Library · book

Managing for Results

Peter F. Drucker
1964·Harper & Row

Source: https://archive.org/details/managingforresul00pete

Drucker's 1964 book — one of the first serious treatments of business strategy as a discipline — is the source of many ideas that contemporary management takes for granted: the focus on results over activity, the categorisation of products by revenue and cost dynamics, the argument that the purpose of a business is to create a customer.

The book is clear and surprisingly modern, which is typical of Drucker; he wrote with unusual clarity for his discipline.

For product direction it is foundational reading on what management actually is, and a useful counterweight to the more specialised contemporary frameworks.

Drucker is worth reading widely; this is a good starting point.

Central argument

Drucker argues that business results come not from solving problems but from exploiting opportunities, and that managers must learn to allocate resources toward their highest-yield activities rather than spreading effort across everything that demands attention. He introduces a systematic way of categorising a company's products and activities by their actual contribution to revenue and cost — anticipating what later became portfolio management thinking — and insists that the purpose of a business is to create a customer, not to produce goods or generate profit. The book's central claim is that effectiveness, not efficiency, is the proper concern of management: doing the right things matters more than doing things right.

Critique

The book's framework assumes a relatively stable product and market structure where categorisation and resource reallocation are the primary levers — an assumption that sits uneasily with digital contexts where the unit of value shifts rapidly and yesterday's opportunity category can become obsolete before reallocation decisions take effect. Drucker's treatment of the customer is also notably thin on mechanism: he asserts that creating a customer is the purpose of business without engaging seriously with how to understand or discover what customers actually need, which leaves a significant gap for anyone trying to operationalise his principles.

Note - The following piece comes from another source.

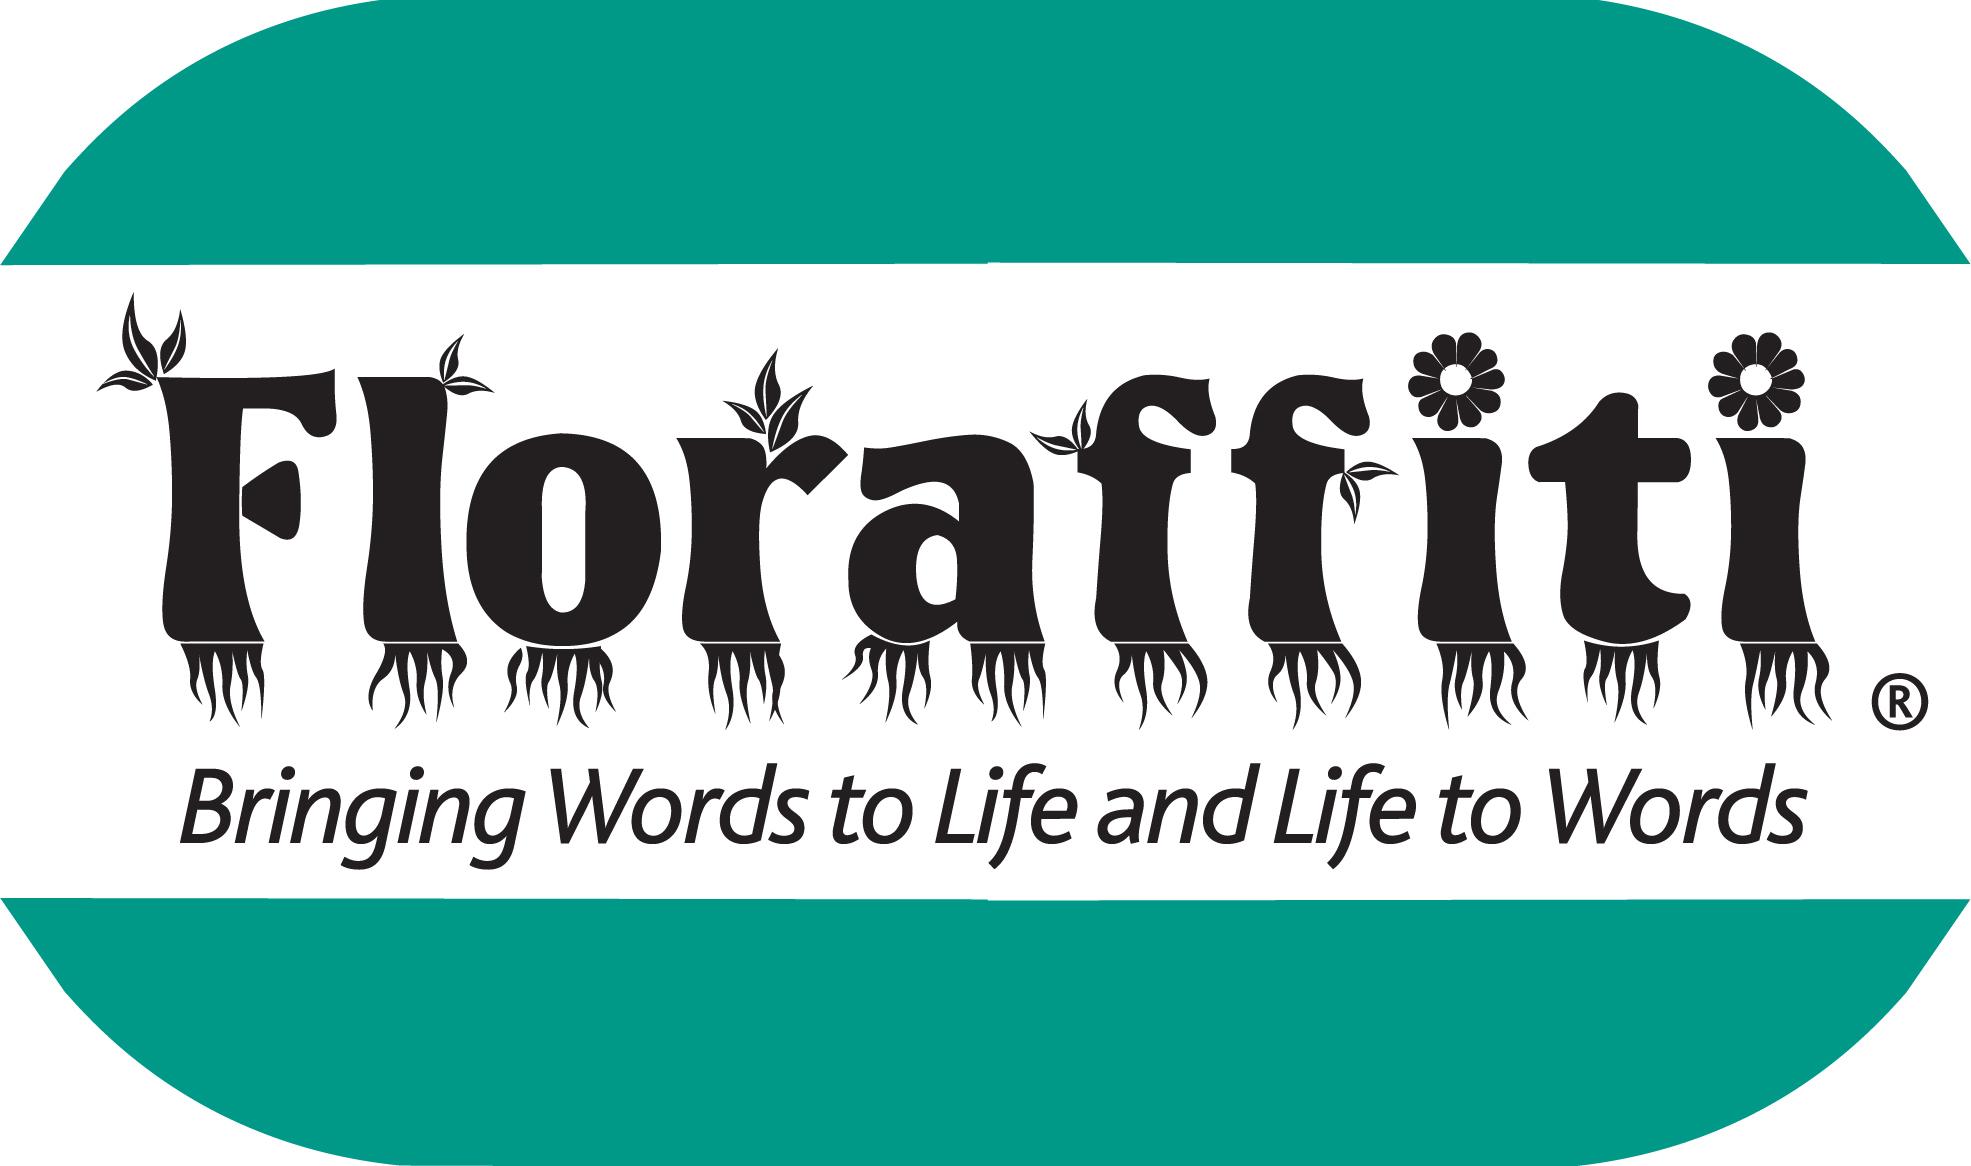 floraffiti_logo.jpg

Why it matters for product

For a product leader, Drucker's insistence on distinguishing between activities that generate results and activities that merely generate cost is directly applicable to roadmap prioritisation and portfolio decisions — the temptation to resource struggling features because they represent sunk investment is exactly the trap he diagnoses. His categorisation logic also offers a useful frame for org design: teams organised around yesterday's revenue-generating products will systematically underinvest in the opportunities that will define tomorrow's, a structural problem that Drucker names clearly even if the digital specifics postdate him.